= Beginning of Section =

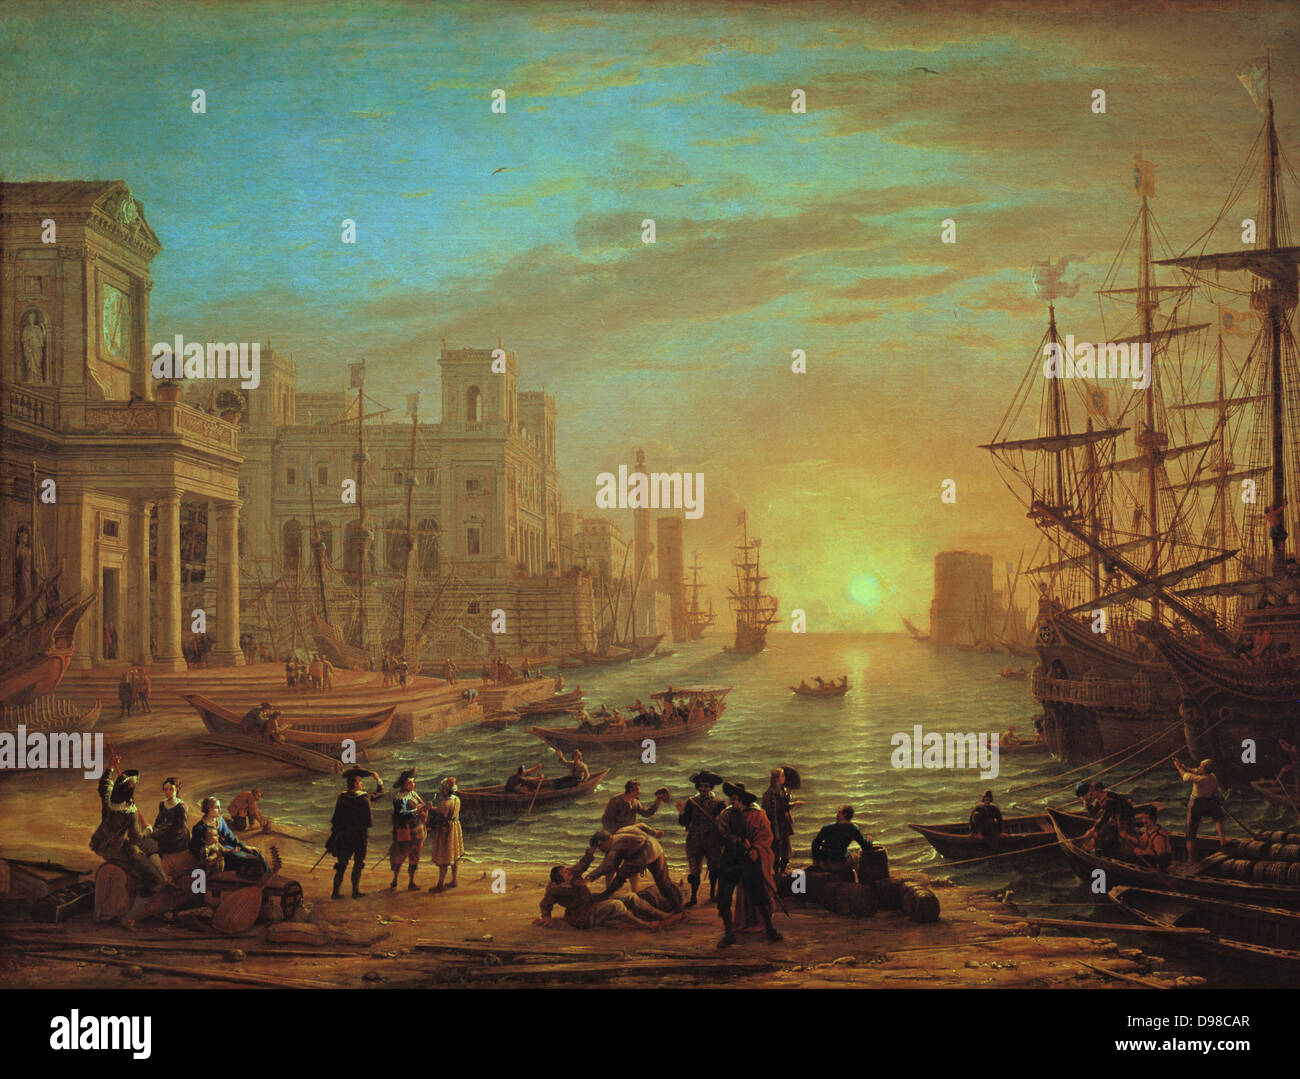 Blick auf eine Hafenstadt' oder 'seaport', 1639. Öl auf Leinwand: Claude Lorrain auch als Claude Gellee (c) 1600-1682 Französische Maler in Italien tätig. Idealisierte Ansicht eines Hafens am Abend. Stockfoto
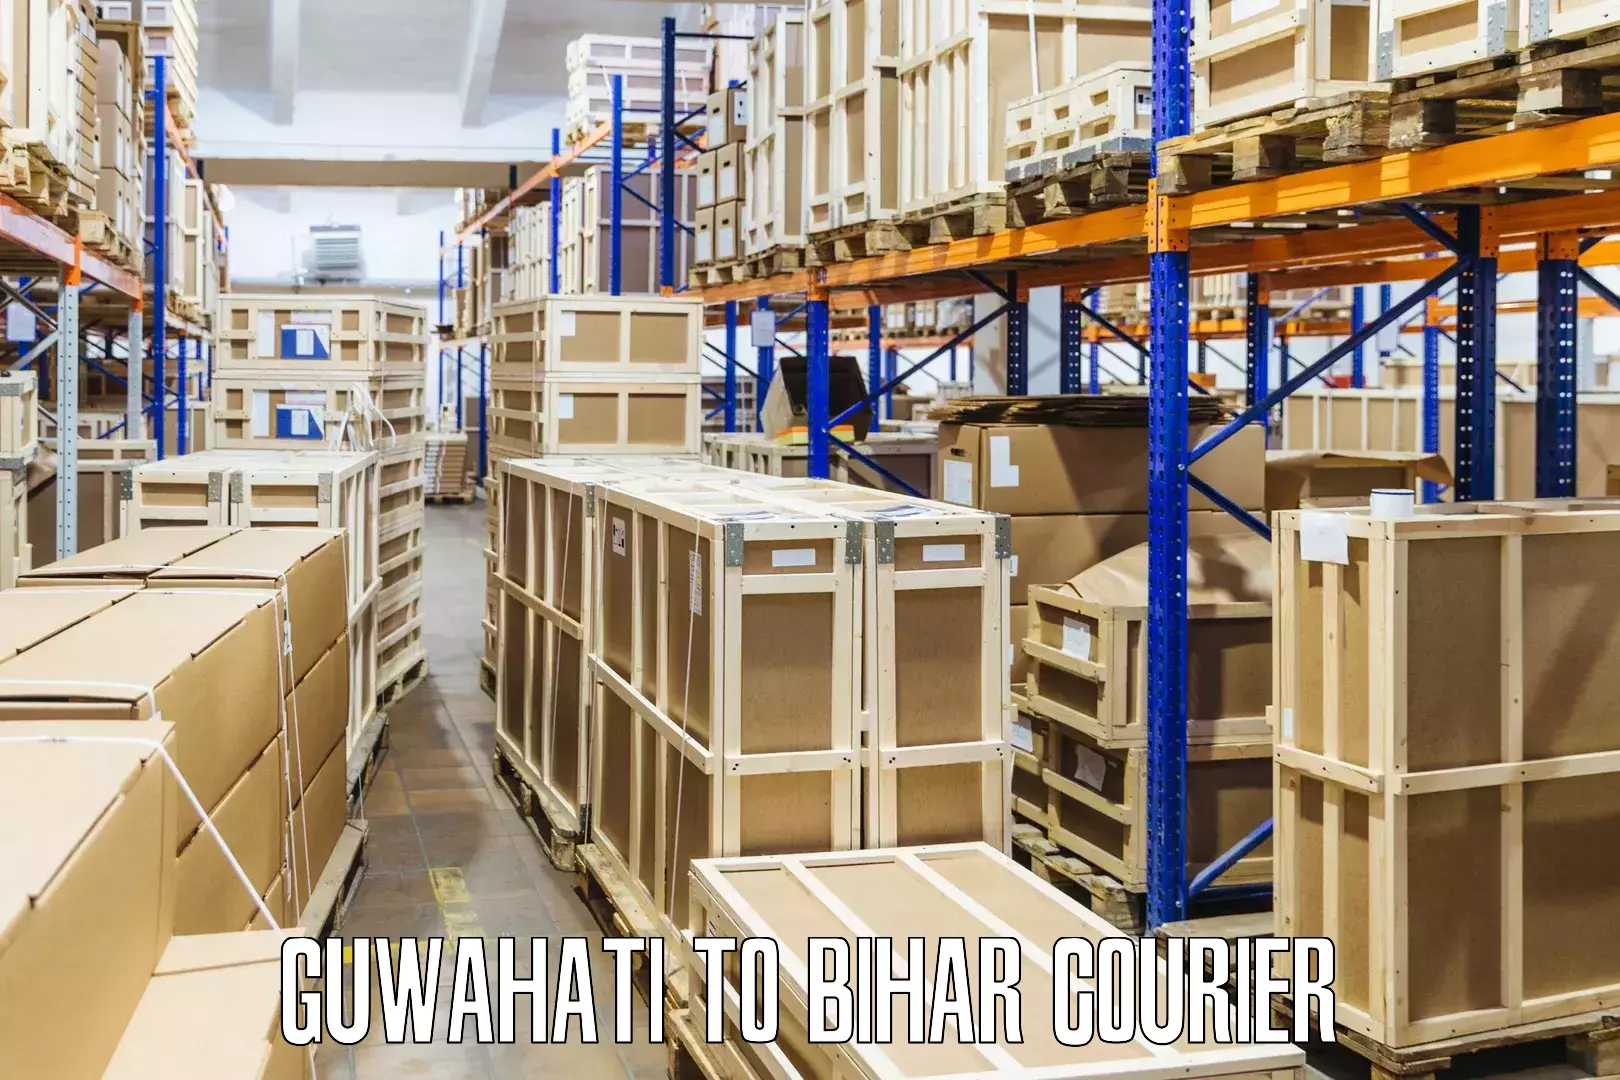 High-speed parcel service Guwahati to Bihar
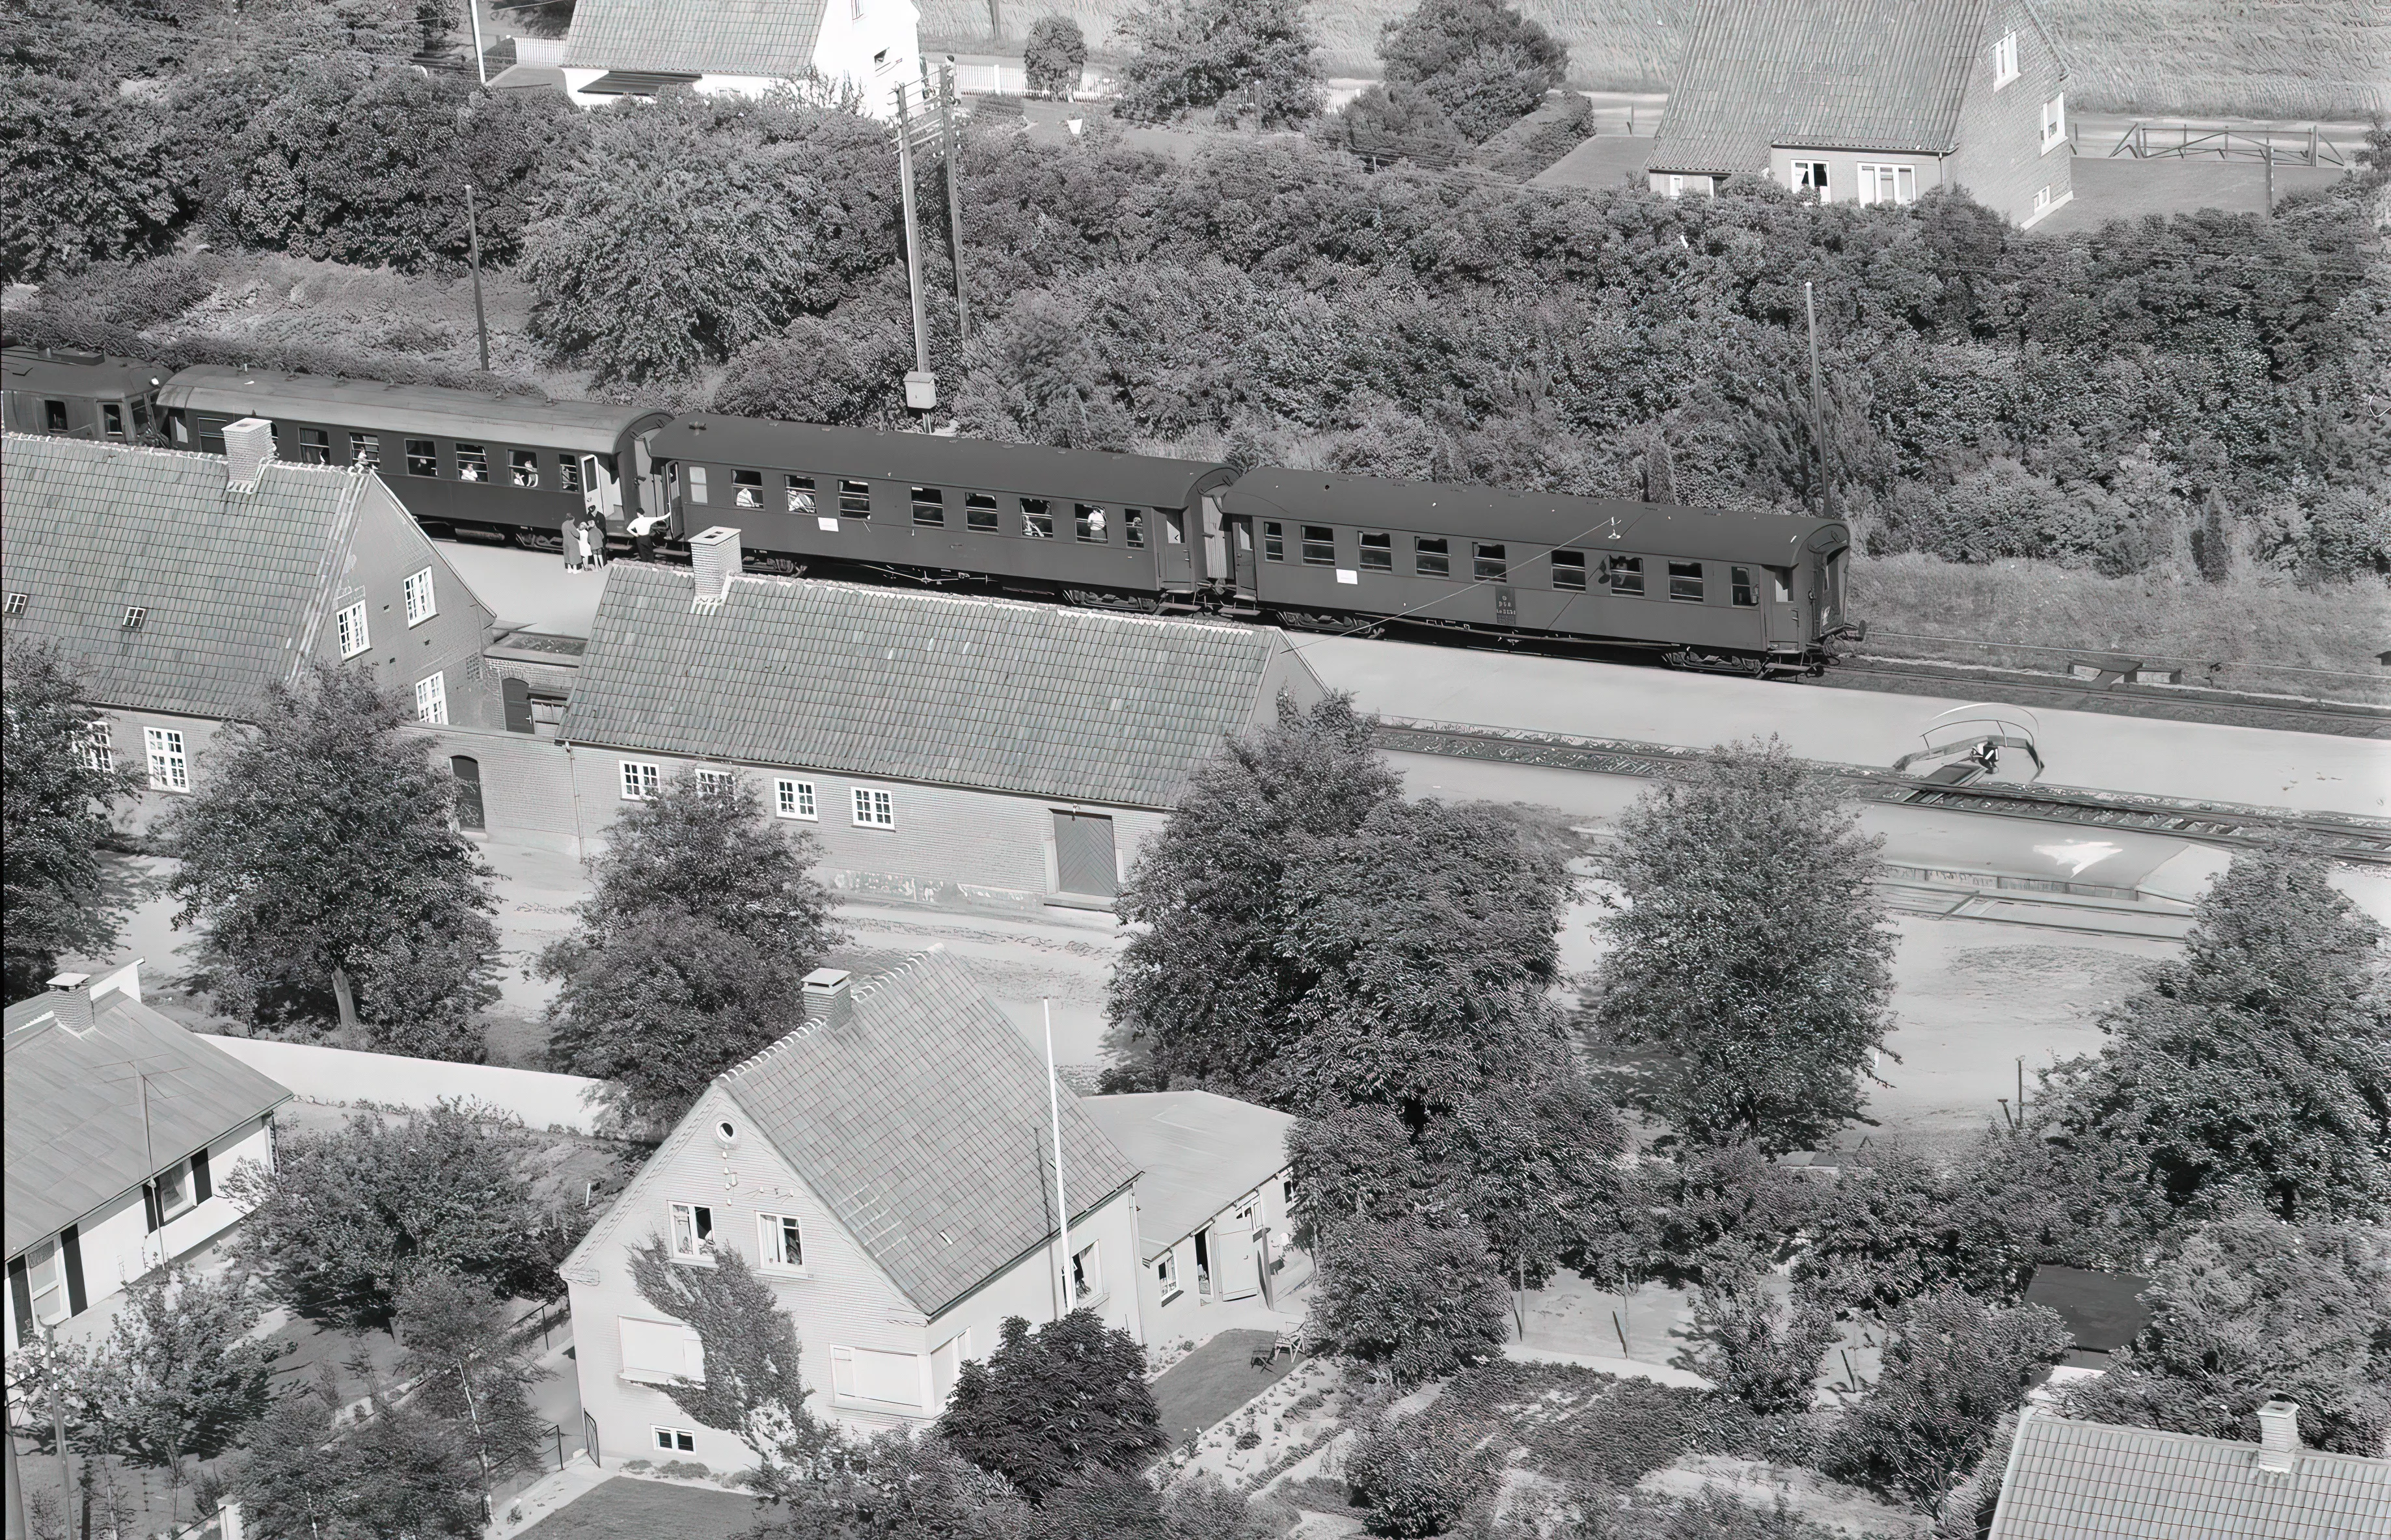 Billede af tog ud for Bråby Station, som blev nedsat til trinbræt i 1960.
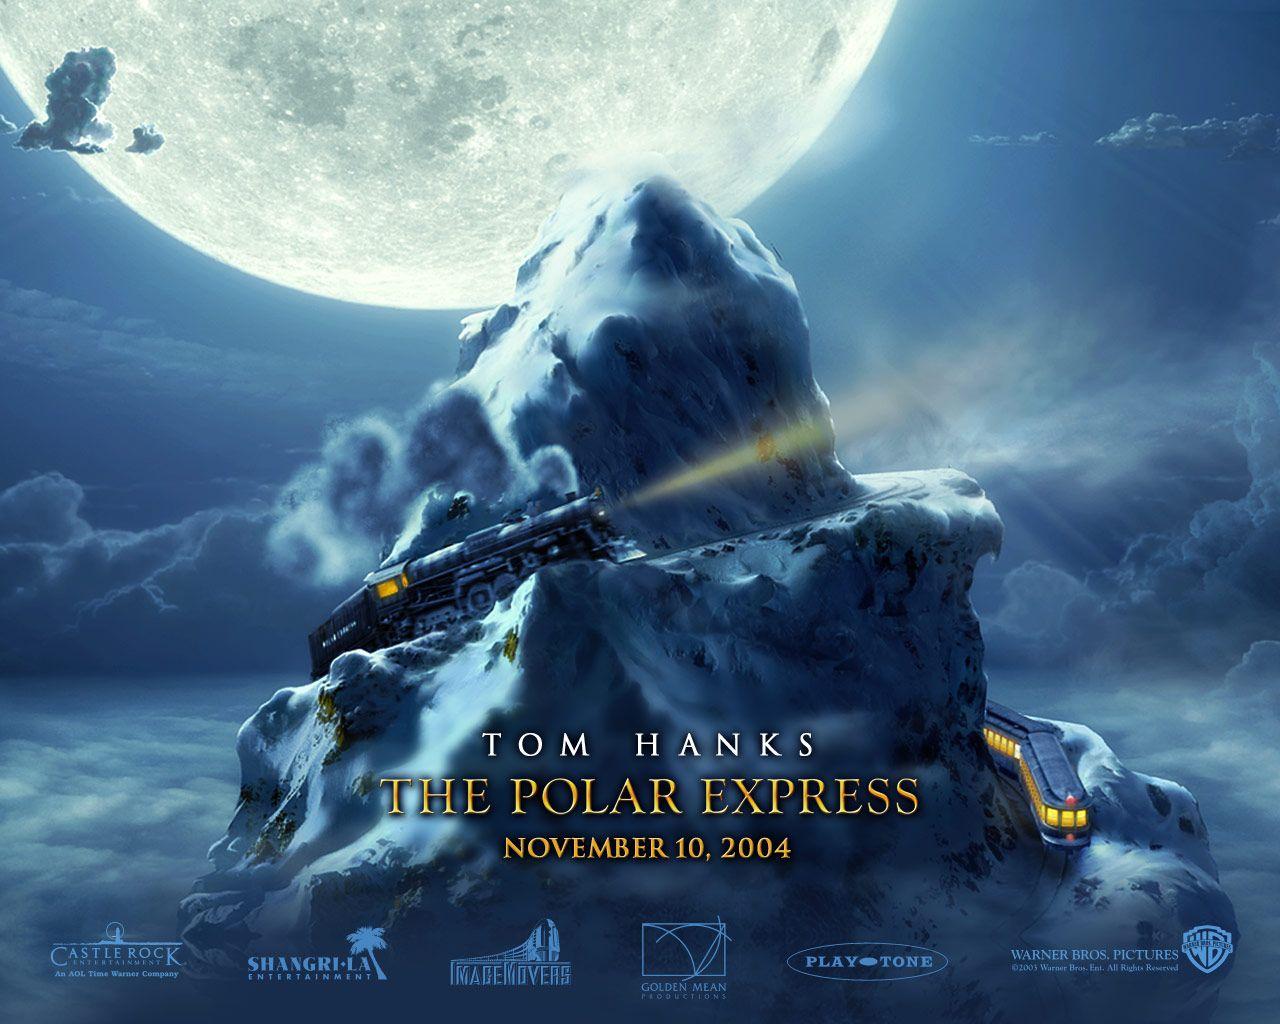 The Polar Express Wallpaper (1280 x 1024 Pixels)

= End of Section =

> **WHAT IS EXPECTED**
With the pictures removed, return the listing above in its exact original wording.

> **OUTPUT OF THE EXERCISE**
 Blick auf eine Hafenstadt' oder 'seaport', 1639. Öl auf Leinwand: Claude Lorrain auch als Claude Gellee (c) 1600-1682 Französische Maler in Italien tätig. Idealisierte Ansicht eines Hafens am Abend. Stockfoto
 High-speed parcel service Guwahati to Bihar
 Billede af tog ud for Bråby Station, som blev nedsat til trinbræt i 1960.
 The Polar Express Wallpaper (1280 x 1024 Pixels)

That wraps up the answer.